Baalshillem I (also transliterated Baalchillem, meaning "recompense of Baal"; 𐤁𐤏𐤋𐤔𐤋𐤌) was a Phoenician King of Sidon (c. 450 – c. 426 BC), and a vassal of the Achaemenid Empire. He was succeeded by his son Abdamon to the throne of Sidon.

== Etymology ==
The name Baalshillem is the Romanized form of the Phoenician 𐤁𐤏𐤋𐤔𐤋𐤌 (BʿLŠLM), meaning "recompense of Baal". Alternative spellings of the king's name include Baalchillem.

== Chronology ==
The absolute chronology of the kings of Sidon from the dynasty of Eshmunazar I onward has been much discussed in the literature; traditionally placed in the course of the fifth century BC, inscriptions of this dynasty have been dated back to an earlier period on the basis of numismatic, historical and archaeological evidence. The most complete work addressing the dates of the reigns of these Sidonian kings is by the French historian Josette Elayi who shifted away from the use of biblical chronology. Elayi used all the available documentation of the time and included inscribed Tyrian seals and stamps excavated by the Lebanese archaeologist Maurice Chehab in 1972 from Jal el-Bahr, a neighborhood in the north of Tyre, ⁣ Phoenician inscriptions discovered by the French archaeologist Maurice Dunand in Sidon in 1965, and the systematic study of Sidonian coins which were the first coins to bear minting dates in antiquity based on the years of reign of the Sidonian kings.

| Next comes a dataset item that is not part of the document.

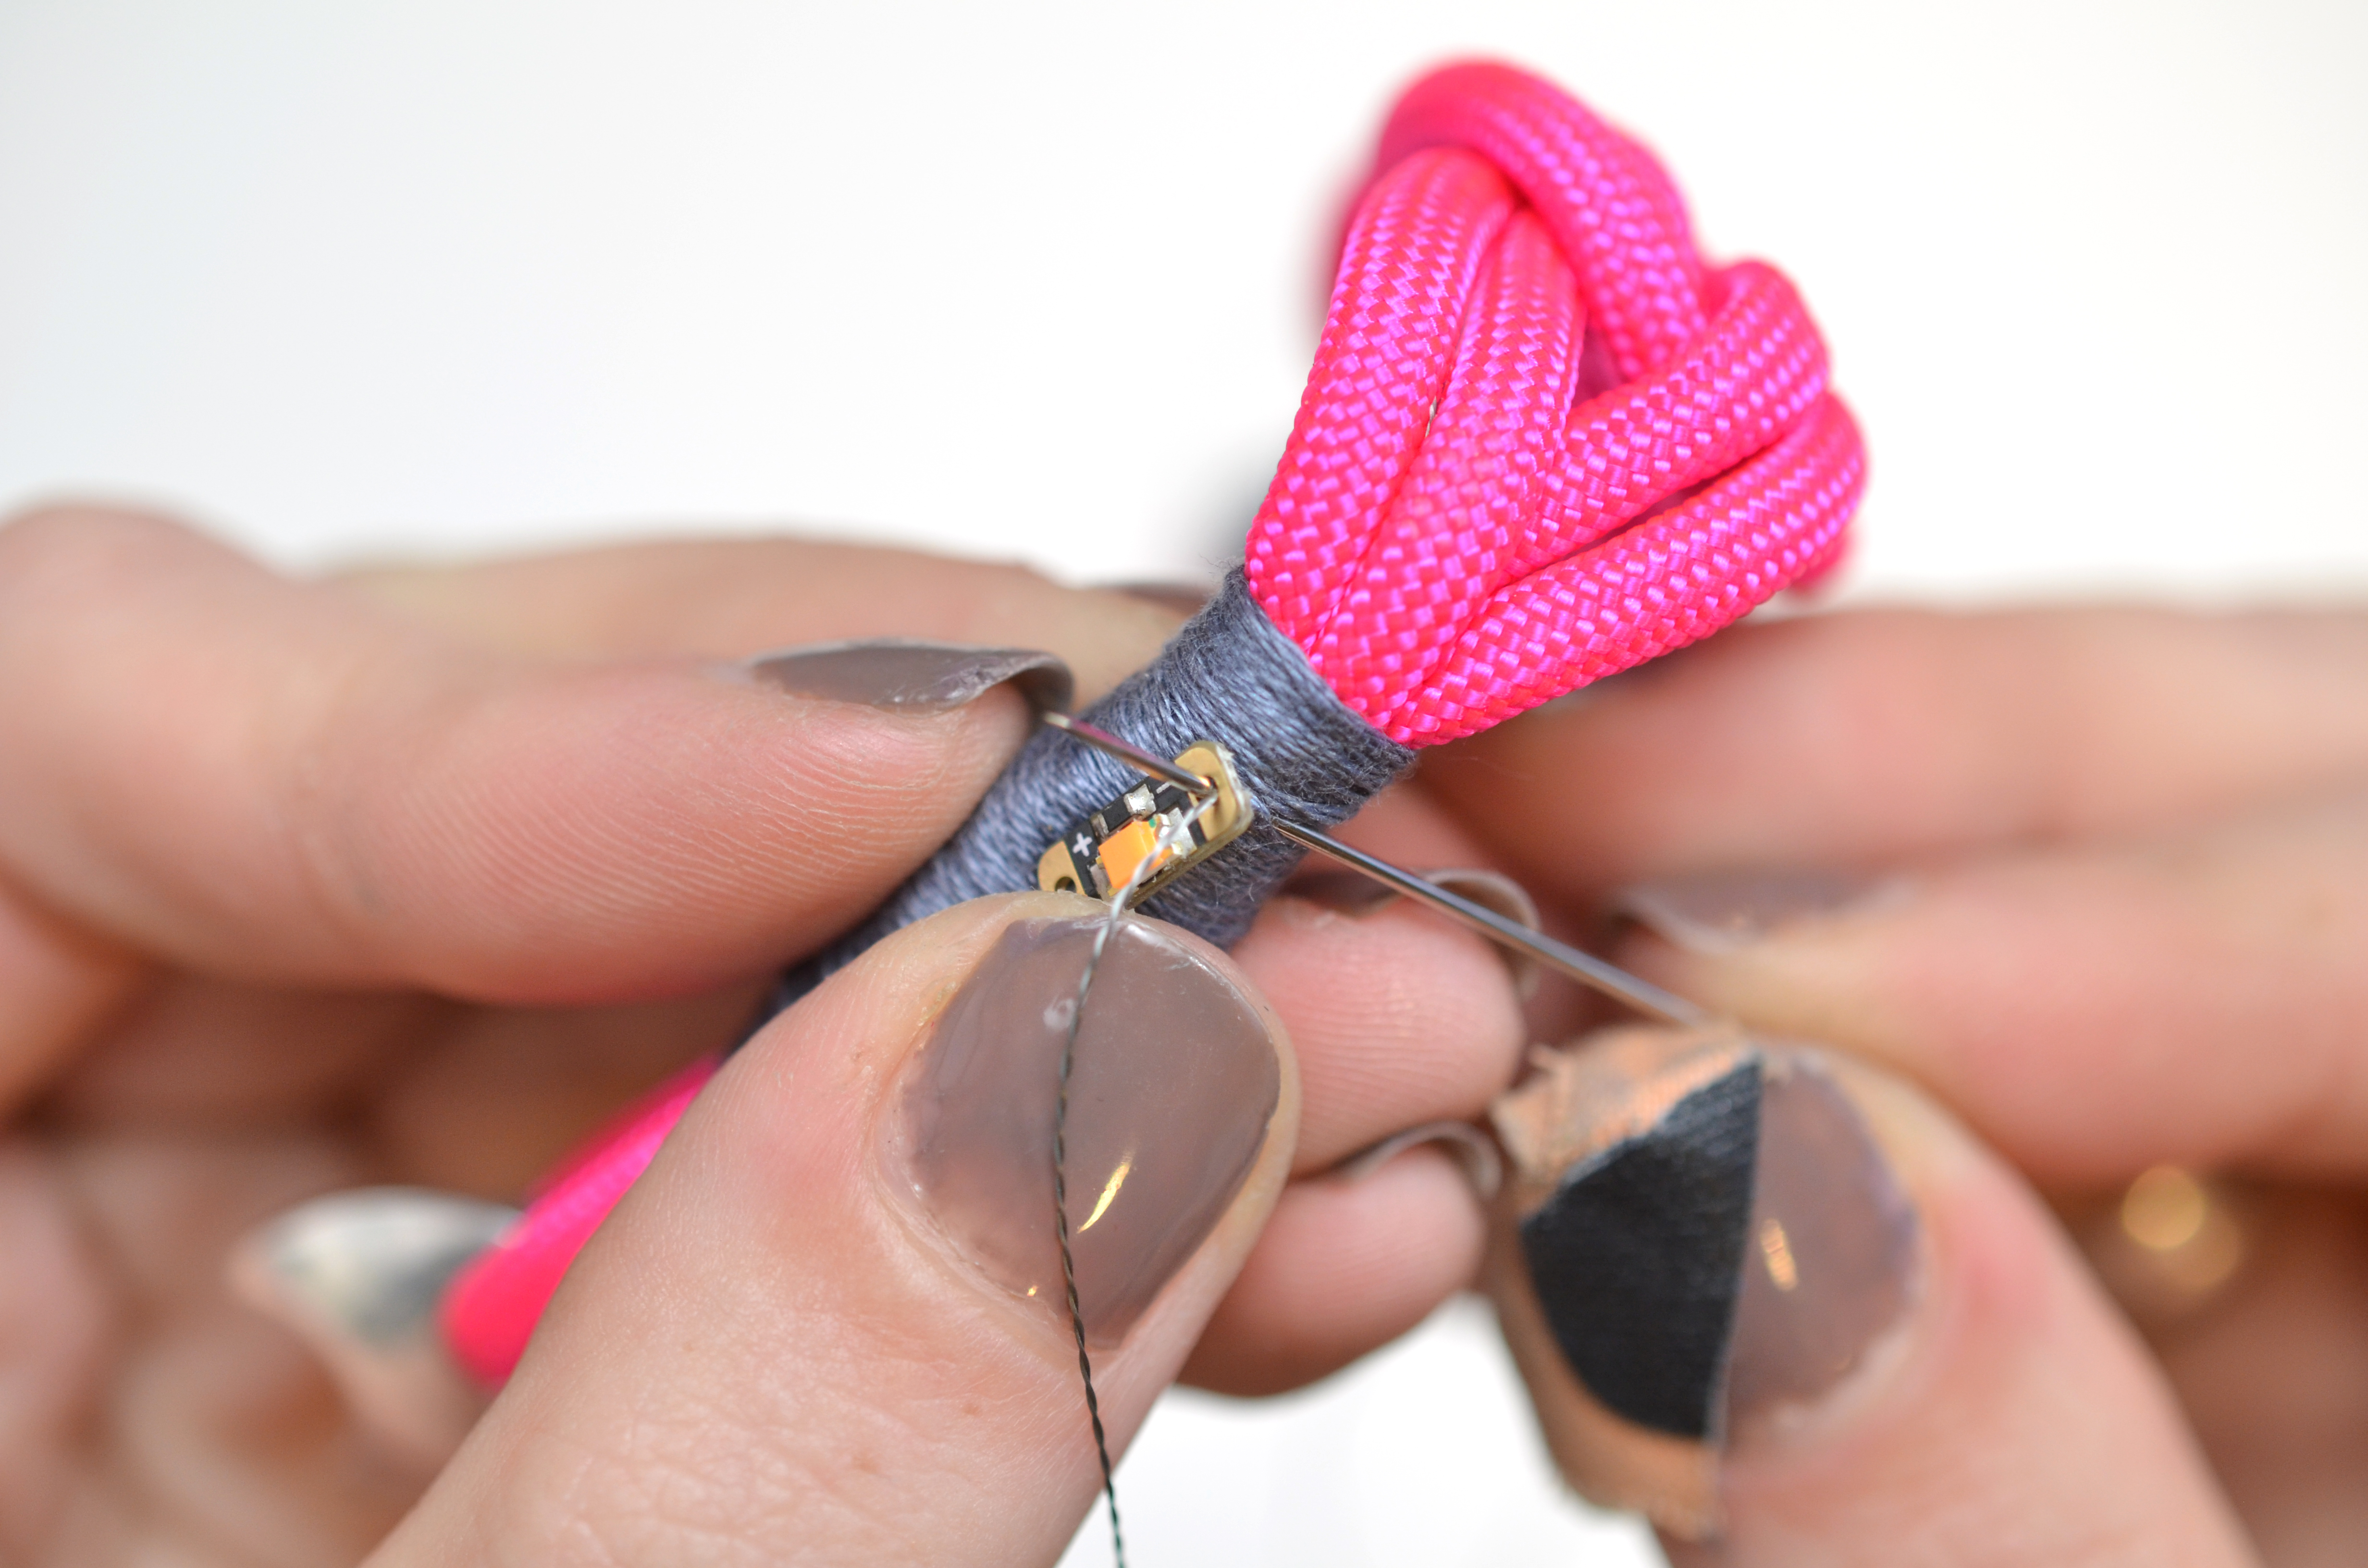 leds_nautical-paracord-led-sequin-friendship-bracelet-50.jpg

Baalshillem I was the first among Sidonian monarchs to mark coins with issuing dates corresponding with the years of his reign as of year 30 which corresponds to 372 BC. Elayi established that Baalshillem I's year of accession was 450 BC and that he reigned until 426 BC.

== Historical context ==
In 539 BC, Phoenicia fell under the Achaemenid rule; it was divided into four vassal kingdoms: Sidon, Tyre, Byblos and Arwad. Eshmunazar I, a priest of Astarte and the founder of his namesake dynasty was enthroned King of Sidon around the time of the Achaemenid conquest of the Levant. During the first phase of Achaemenid rule, Sidon flourished and reclaimed its former standing as Phoenicia's chief city. In the mid 5th century BC, Eshmunazar's dynasty was succeeded by that of Baalshillem I; this dynastic turnover coincides with the time by which Sidon began to independently mint its own coinage bearing the images of its reigning kings.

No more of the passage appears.